== Provided data ==

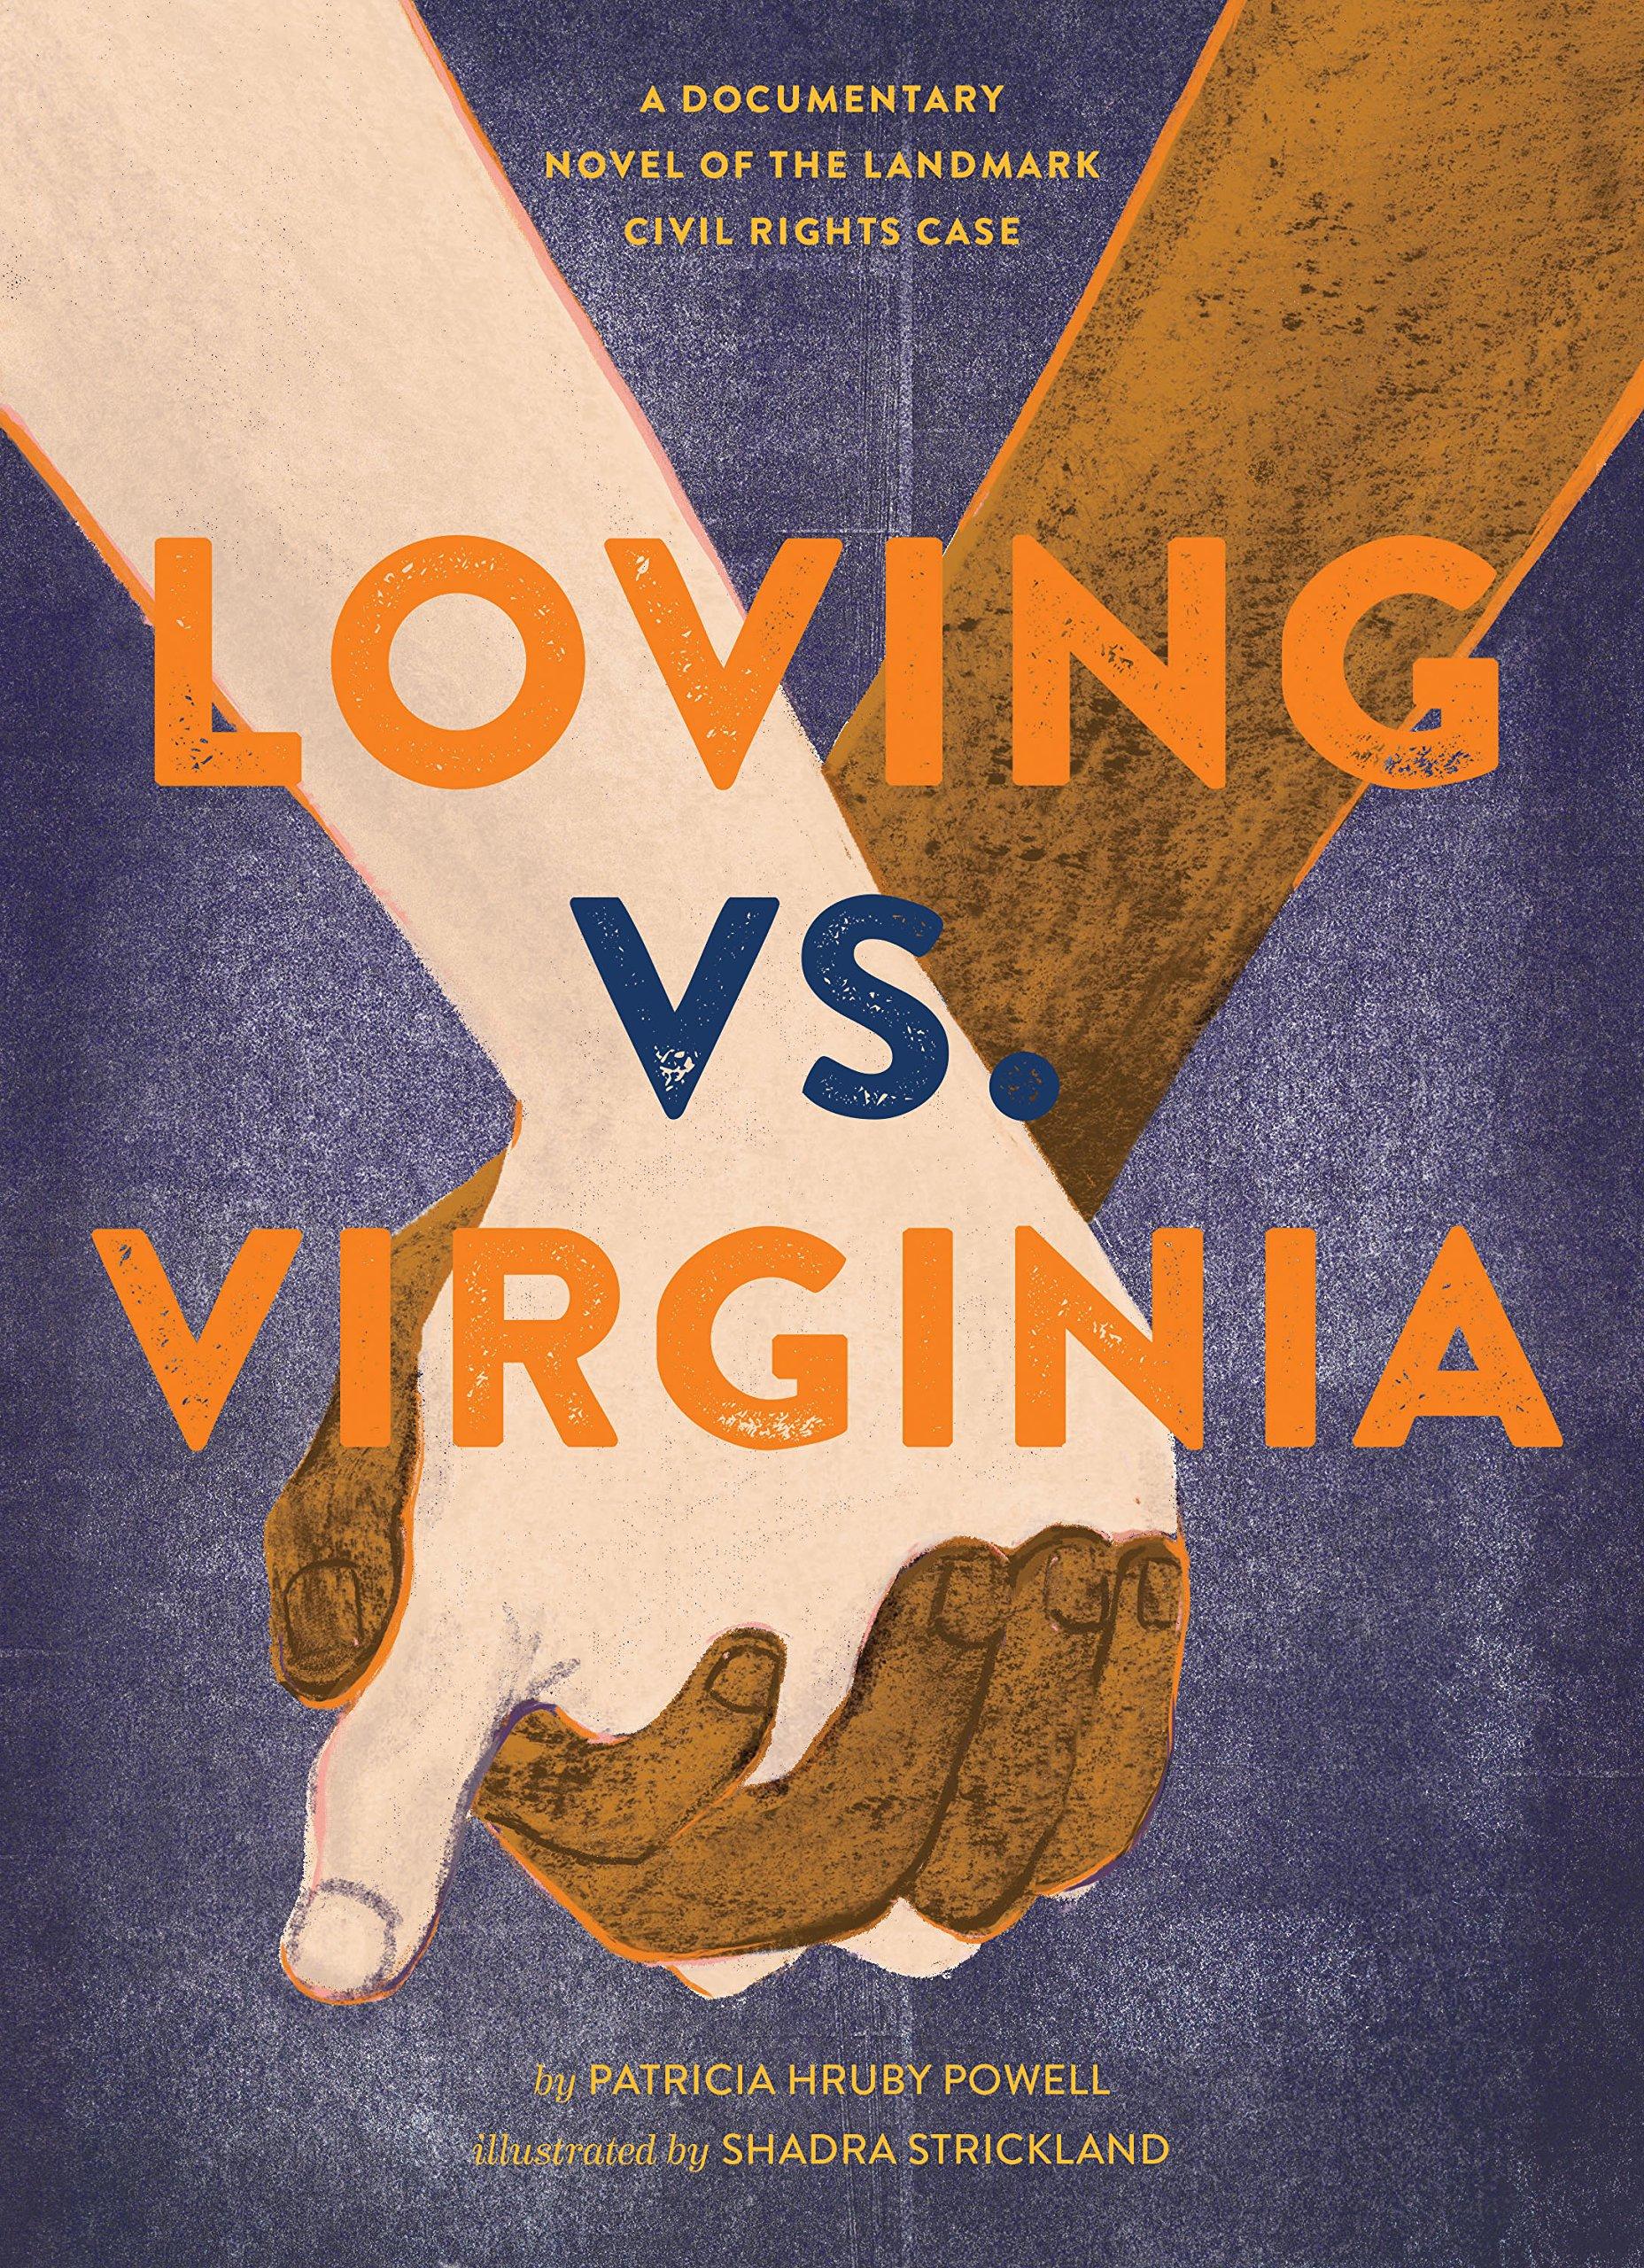 Loving vs. Virginia: A Documentary Novel of the Landmark Civil Rights Case by Patricia Hruby Powell
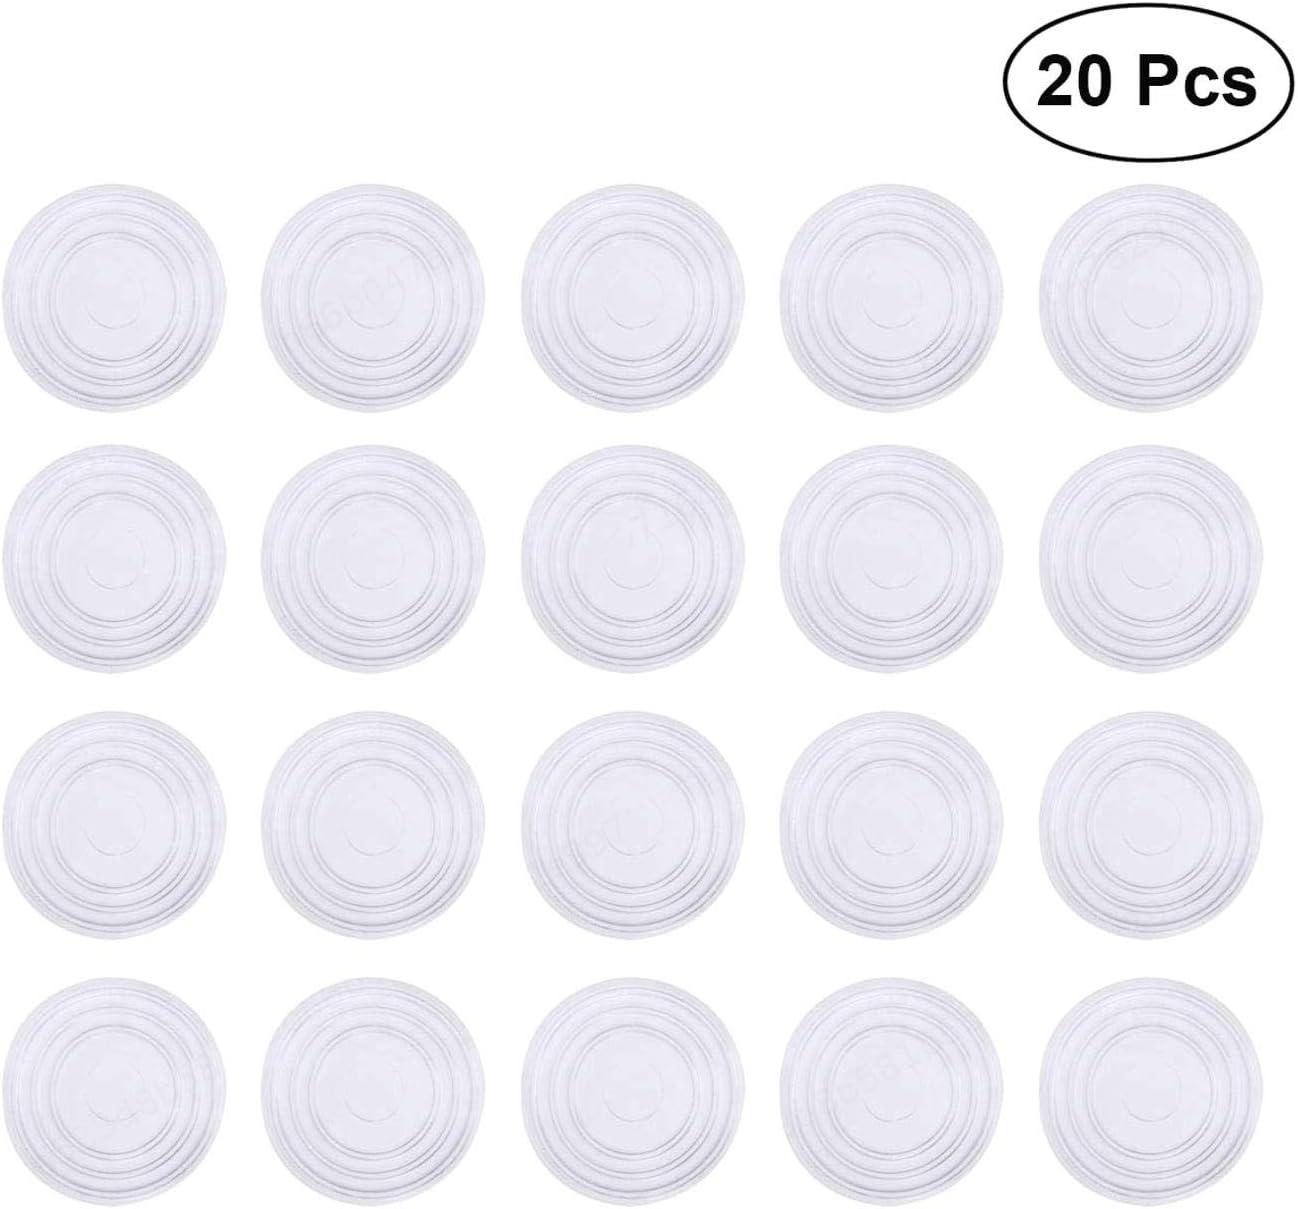 20pcs de Silicona DeoMeat Muebles Pies Antideslizantes Pad para Proteger el Piso de Vidrio
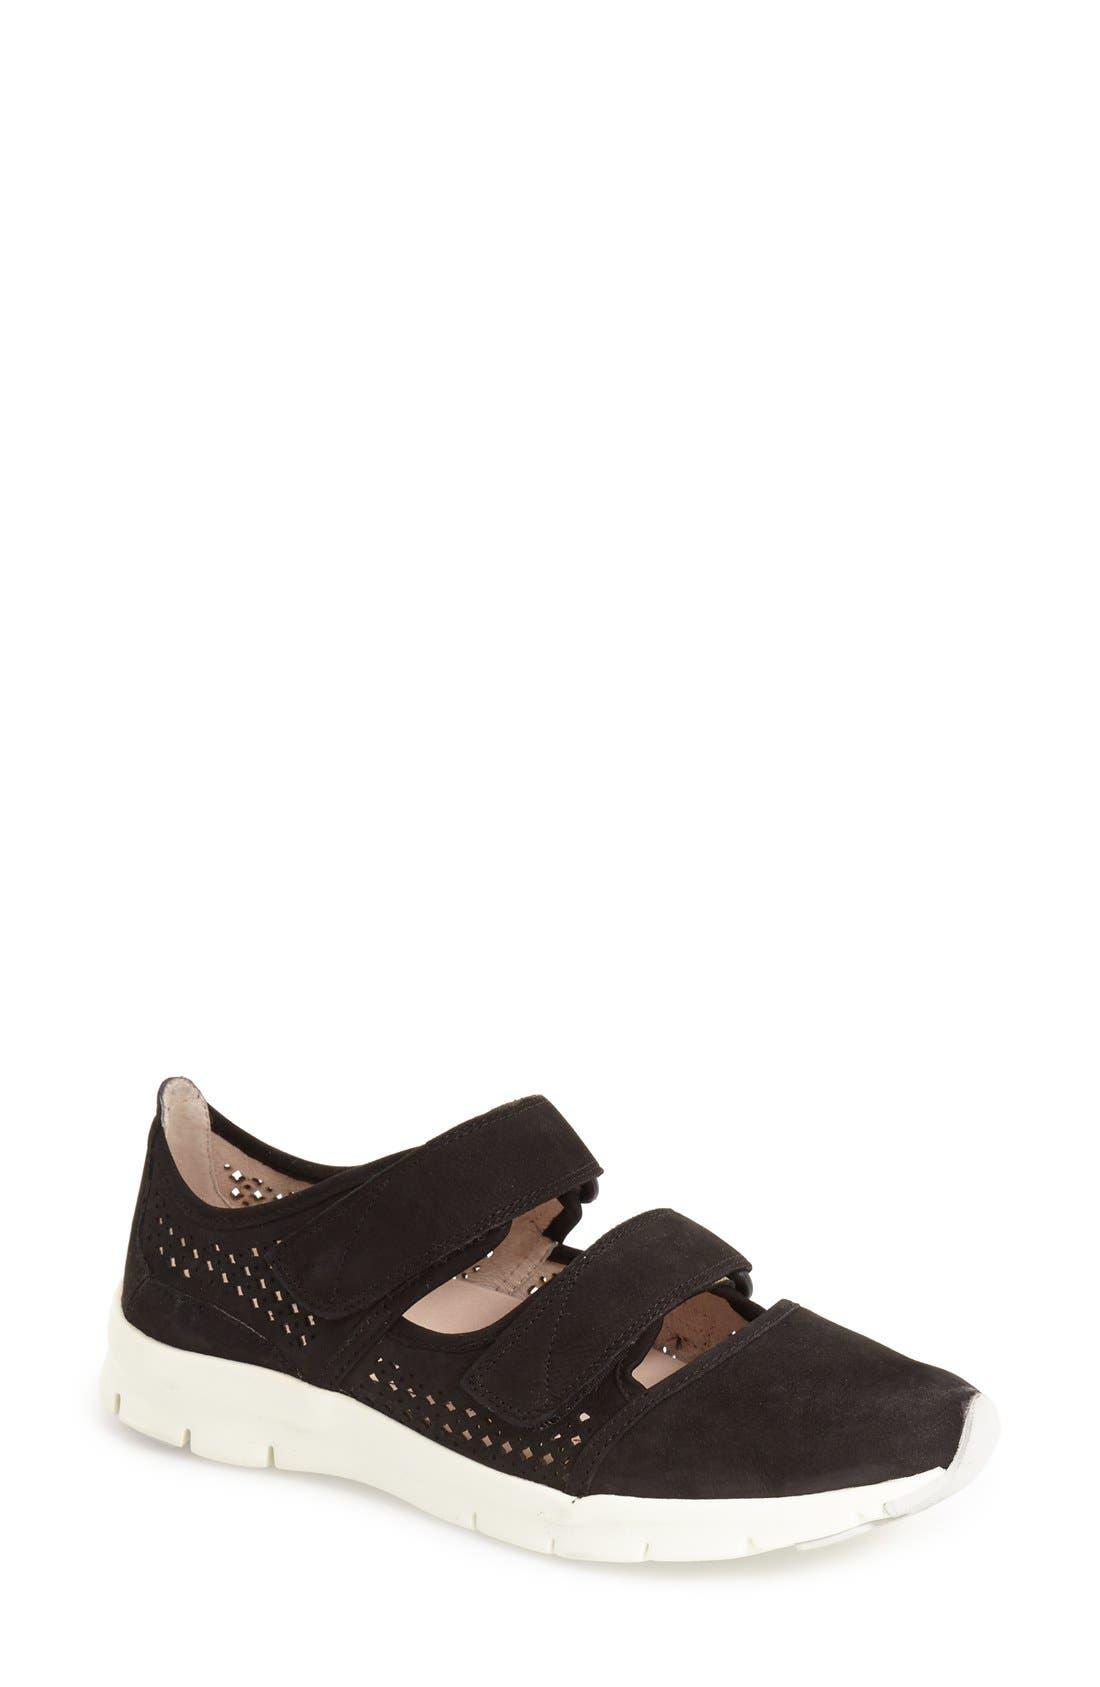 SUDINI Tacy Slip-On Leather Sneaker
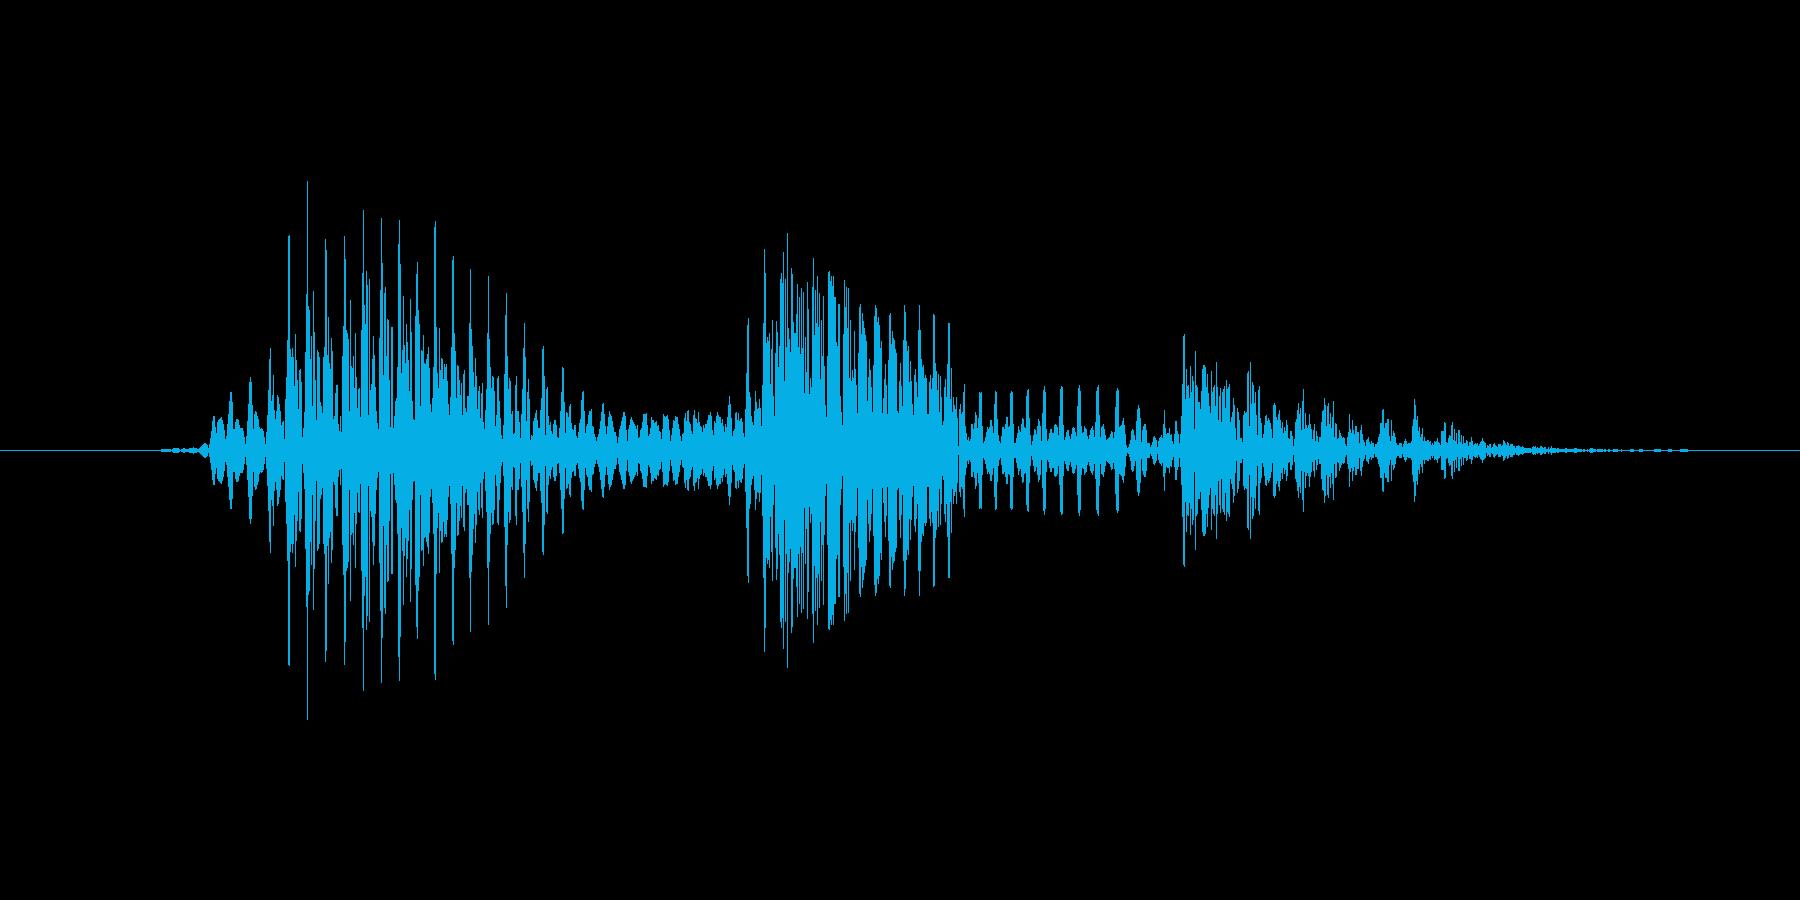 「November」英語発音の再生済みの波形

== Goal of the exercise ==
In your answer, set down the full listing word for word and include no pictures.

== Exercise response ==
 Loving vs. Virginia: A Documentary Novel of the Landmark Civil Rights Case by Patricia Hruby Powell
 20pcs de Silicona DeoMeat Muebles Pies Antideslizantes Pad para Proteger el Piso de Vidrio
 SUDINI Tacy Slip-On Leather Sneaker
 「November」英語発音の再生済みの波形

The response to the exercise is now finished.